Aku mengagumi orang-orang jenius. Ada saat-saat dimana aku berpikir bahwa aku tak punya bakat sebagai musisi, dan aku bermain gitar dengan membabi buta sampai membuat senarnya putus, atau berteriak di tengah malam karena stres tak menemukan melodi yang kuciptakan dalam kepalaku. Kejadian-kejadian itu selalu muncul selama masa-masa mengarang lagu – aku tak tahu apakah ada saat-saat dimana aku merasa menikmati masa-masa itu. Dalam kurun waktu yang terbatas itu, aku merasa stres, bingung sendiri, mengantuk, iri terhadap bakat orang lain, dan mengulangi siklus hapus-dan-tambah detail untuk lagu-lagu yang kubuat, seperti patung tanah liat yang belum jadi. Aku butuh lebih banyak waktu dibanding pencipta lagu lainnya. Aku mengaransemen ulang, lagi dan lagi, menghabiskan berminggu-minggu untuk itu, dan akhirnya menemukan melodi yang kucari di dalam benakku. Laguku menjadi utuh. Aku menjadi pendengar pertama laguku sendiri. Dan ketika kupikir lagu itu sangat indah, aku berpikir bahwa diriku sedikit jenius.

Pada umumnya, aku merasa menciptakan sesuatu yang baru adalah menambah atau menggabungkan hal-hal yang berbeda. Misalnya, kamu tentu tidak berpikir untuk menggabungkan cumi-cumi dan TV kan? (LOL). Tapi kenyataannya, hal itu mengarahkan ke terciptanya LCD (catatan: liquid crystal dalam LCD dibuat dari kolesterol cumi-cumi). Seperti itu, aku pikir penambahan banyak hal bisa menjadikan sesuatu yang baru. Biasanya orang akan melihat banyak hal dan tidak memikirkannya. Tapi kalau aku harus menyebutkan bakatku, kurasa aku bagus dalam memperhatikan dan menggabungkan.

Misalnya, ketika aku mengarang lagu dan menginginkan unsur yang lebih berat dan kuat, lalu aku berkata, “Kayaknya cool deh kalau kita tambahkan sesuatu seperti Metallica di bagian ini?”. Aku sulit mengatakan hal itu karena biasanya sulit dimengerti, karena “Itu chord-nya major” atau “Temponya beda”. Setiap kali aku berpikir, “Ah, orang-orang tidak mengerti perasaan ini”, pada akhirnya aku harus menyampaikannya dengan praktek. Contohnya ketika aku mencoba menggabungkan R&B dan metal untuk lagu X X X.

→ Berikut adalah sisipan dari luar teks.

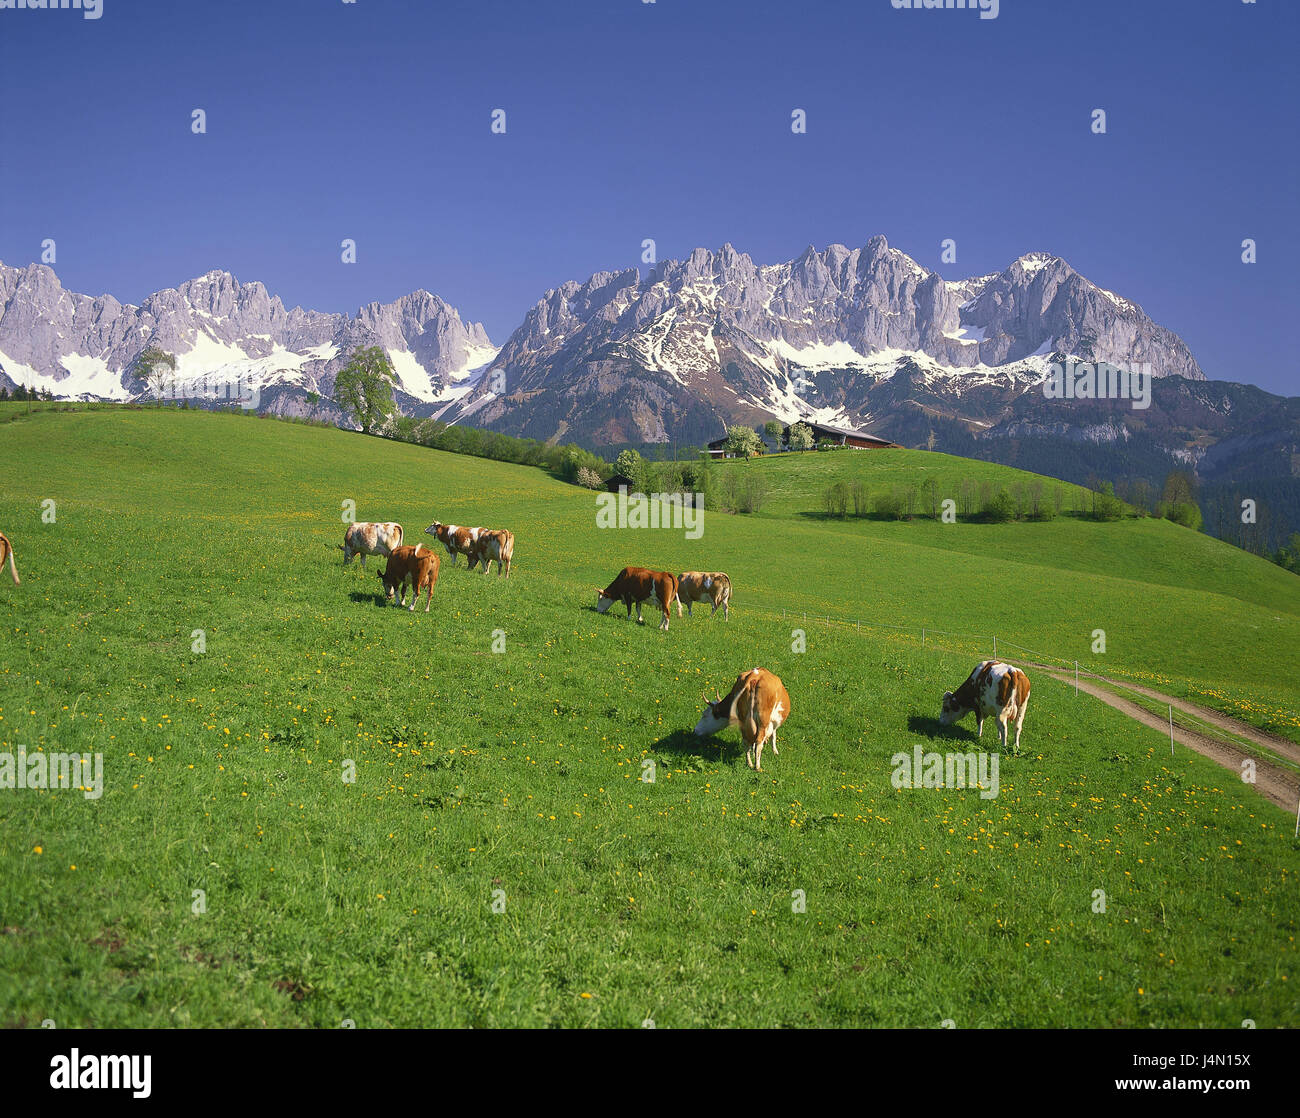 Austria, Tyrol, Kitzbuehel, Wilder Kaiser, Ellmauer stop, pasture, cows, Simmentaler cortexes, alps, Kaisergebirge, agriculture, meadow, animals, cattle breeding, keeping of pets, cow's focuses, scenery, rurally, summer, outside, deserted, sky, blue, cloudless, Stock Photo

Karena aku tidak tahu apa-apa tentang teori musik, kadang orang bilang chord progression-ku unik dan aneh (catatan: untuk definisi chord progression silakan cek wiki, soalnya susah dijelasin). Aku memodulasi chord tanpa memperhatikan. Walau begitu, sekarang aku bisa menganggap hal itu sebagai salah satu karakteristikku yang unik.

Memanfaatkan keunikan ini, aku menulis lagu seperti memoles batu menjadi permata – dengan bentuk sesuai yang kubayangkan. Dengan kata lain, aku membuat lagu dan mengaransemen ulang. Itu merupakan cara menulis lagu yang kutemukan sendiri, dan karenanya, menurutku aku kuat dalam proses mengaransemen. Memakai laguku sendiri, menggabungkan dengan hal-hal yang berbeda, mengubah, dan mengaransemen lagu yang terdengar membosankan menjadi lagu yang kusukai. Jarang sekali aku menulis lagu yang brilian dalam sekali jalan, prosesnya lebih ke “membuat lagu dan mengubahnya menjadi lebih baik”. Sebagai hasilnya, untuk satu lagu, aku bisa membuat banyak versi. Sejauh yang kutahu, cuma akulah orang yang menulis lagu dengan gaya itu. Mungkin itulah sebabnya kenapa aku berbeda dengan yang lain. Untuk X X X, aku secara terus menerus mengaransemennya selama 5 bulan (LOL). Tapi itu disengaja sih.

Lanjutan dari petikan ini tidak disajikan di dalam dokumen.